RECORDS FOR PROCESSING Block Start

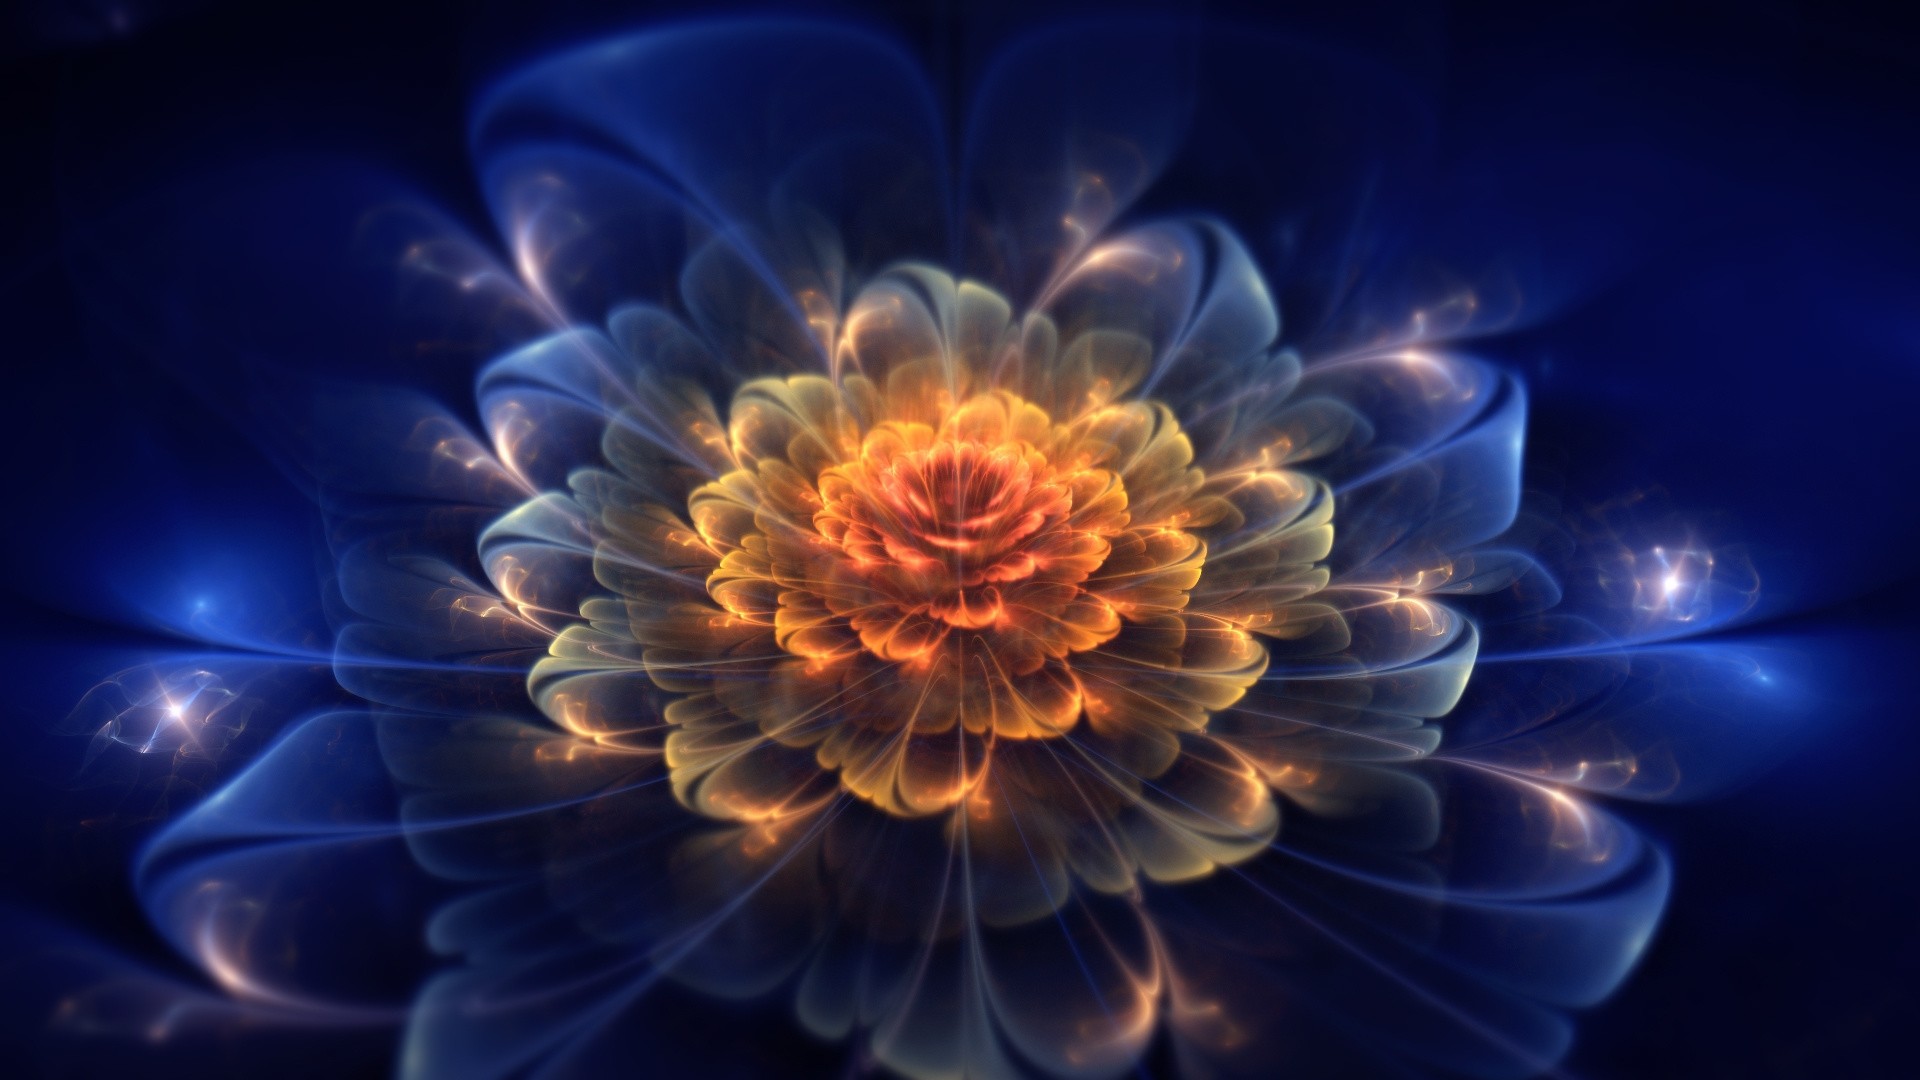 1920x1080 ... Background Full HD 1080p.  Wallpaper fractal, flower, light,  dark
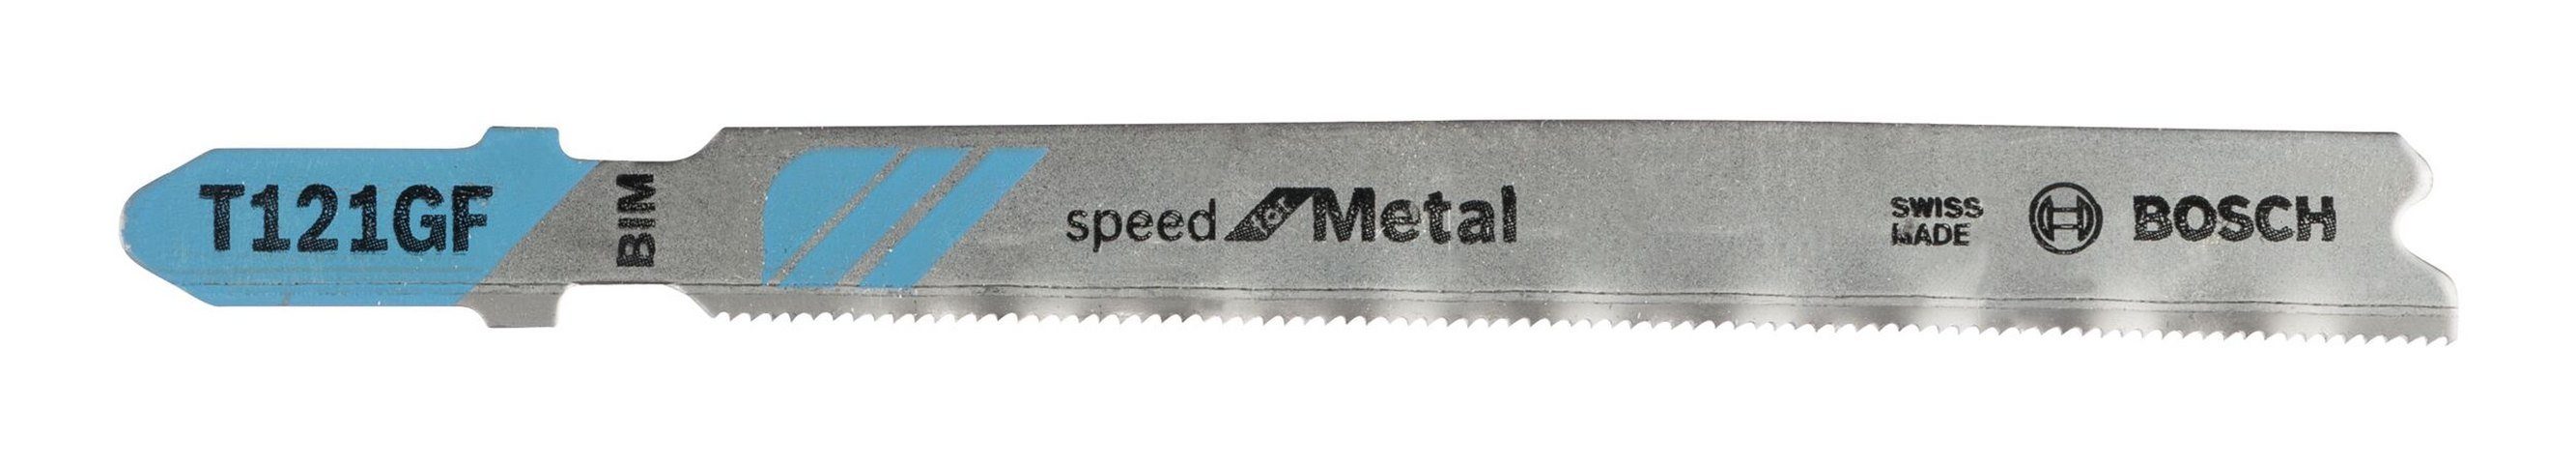 BOSCH Stichsägeblatt (5 Stück), T 121 GF Speed for Metal Bleche - 5er-Pack
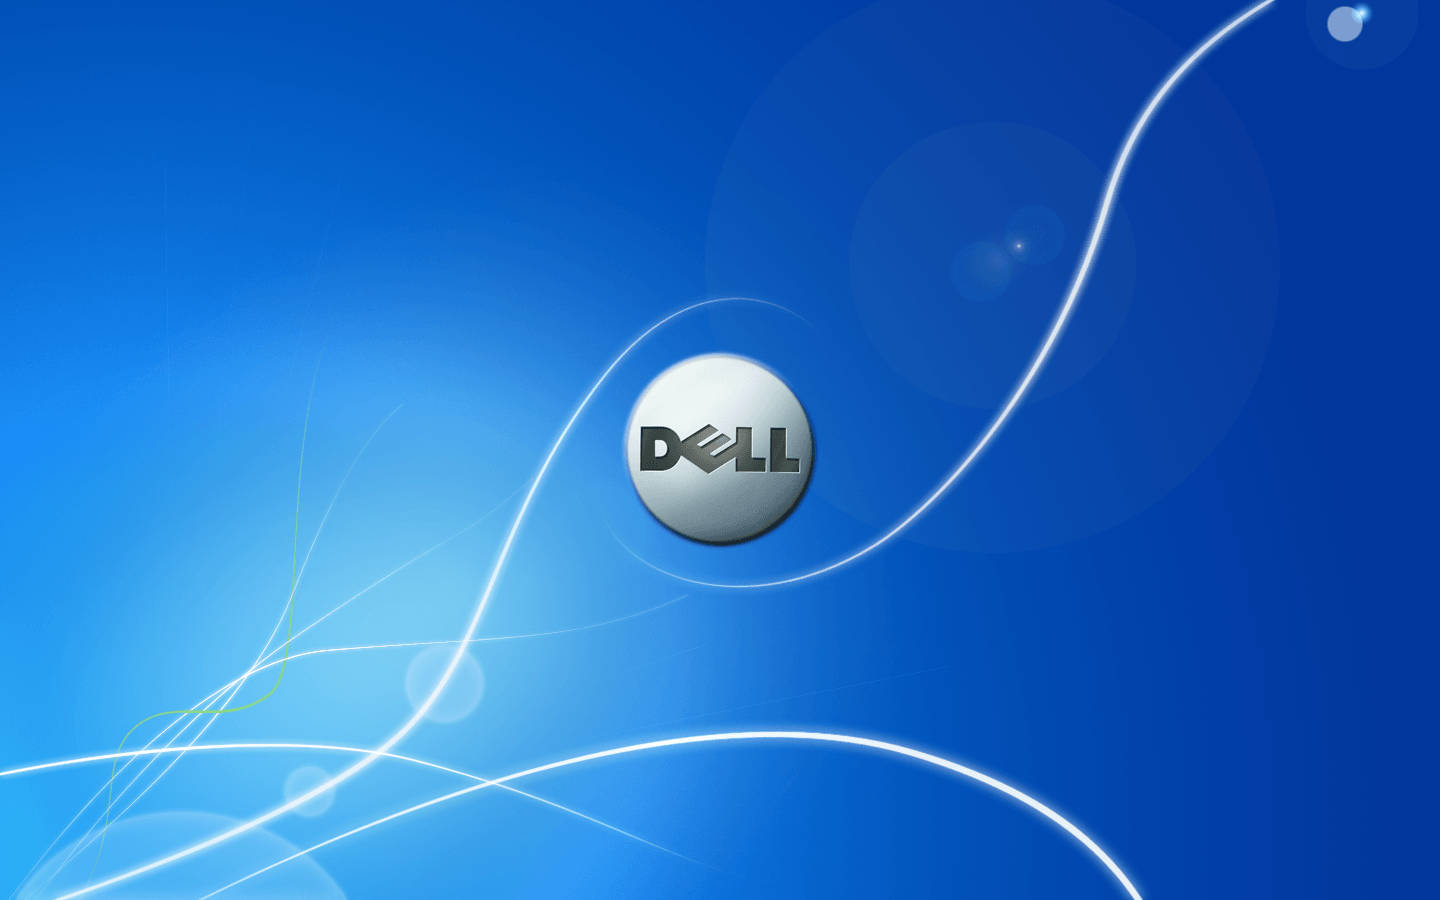 Dell Trademark On Blue
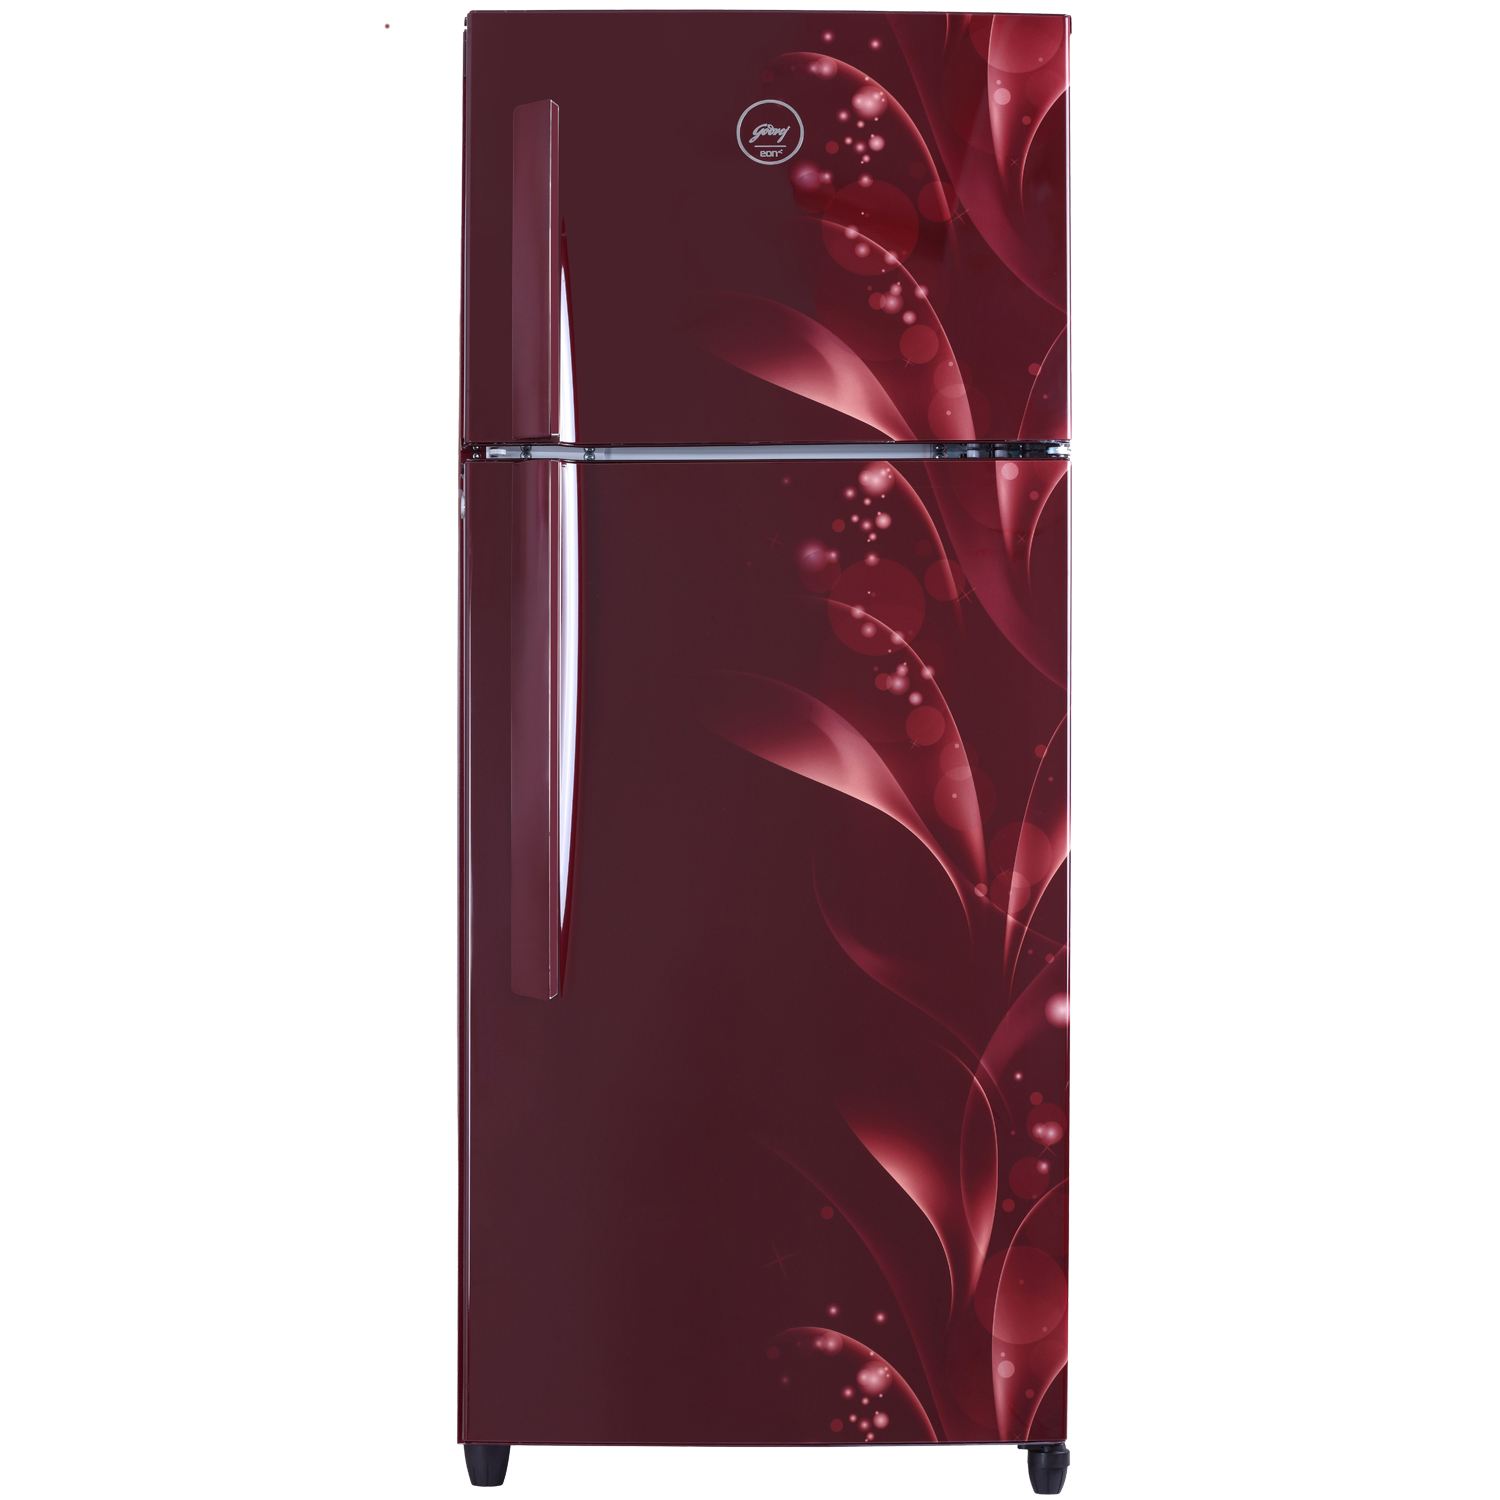 Image result for Godrej Refrigerator hd images
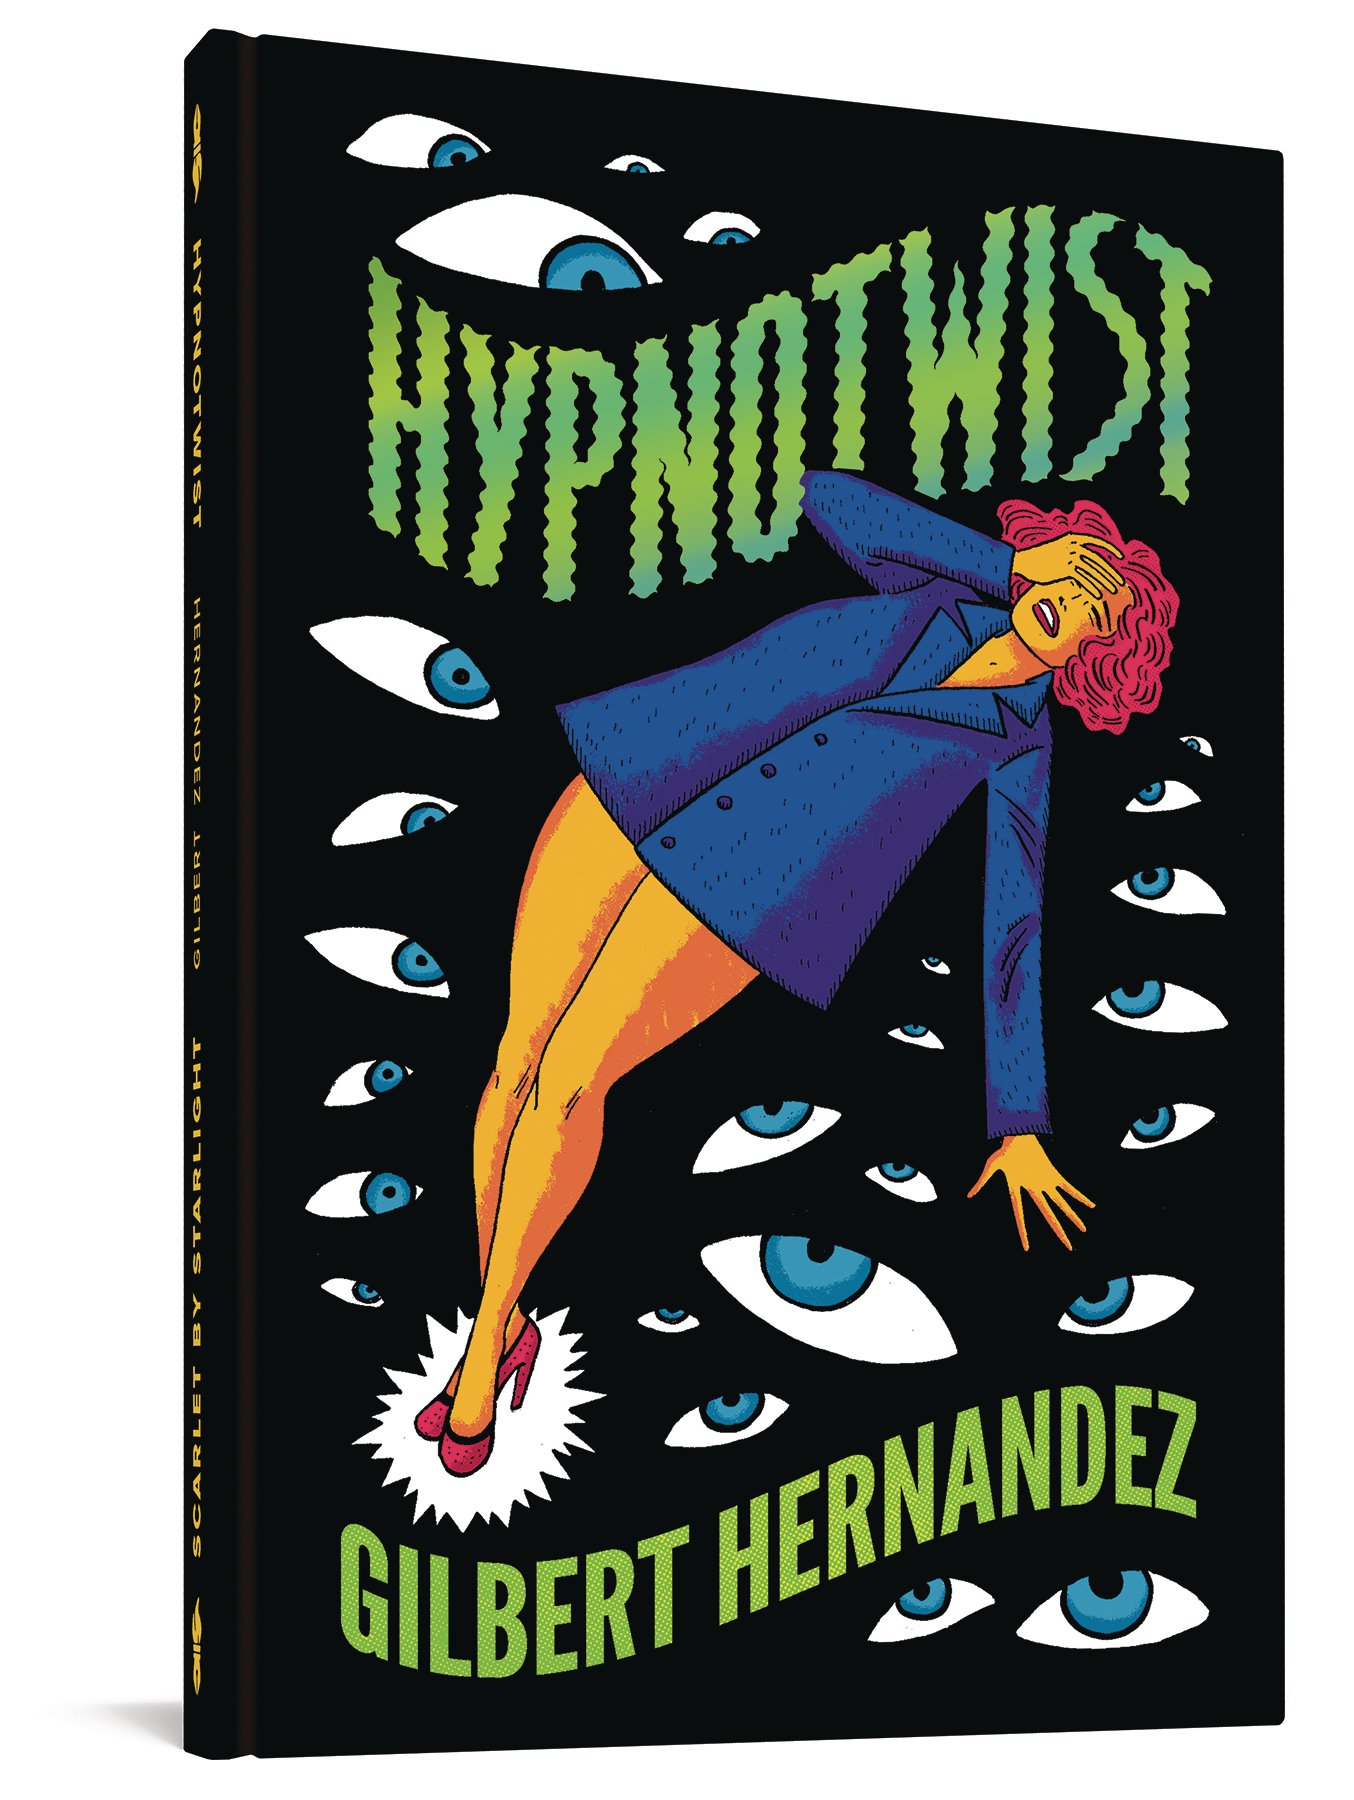 Hernandez Hypnotwist Hardcover

RECORDS FOR PROCESSING Block End

# YOUR INSTRUCTIONS
Your answer must be the full set of entries, set down exactly and without pictures.

# ANSWER SECTION
 1920x1080 ... Background Full HD 1080p.  Wallpaper fractal, flower, light,  dark
 BOSCH Stichsägeblatt (5 Stück), T 121 GF Speed for Metal Bleche - 5er-Pack
 Dell Trademark On Blue
 Image result for Godrej Refrigerator hd images
 Hernandez Hypnotwist Hardcover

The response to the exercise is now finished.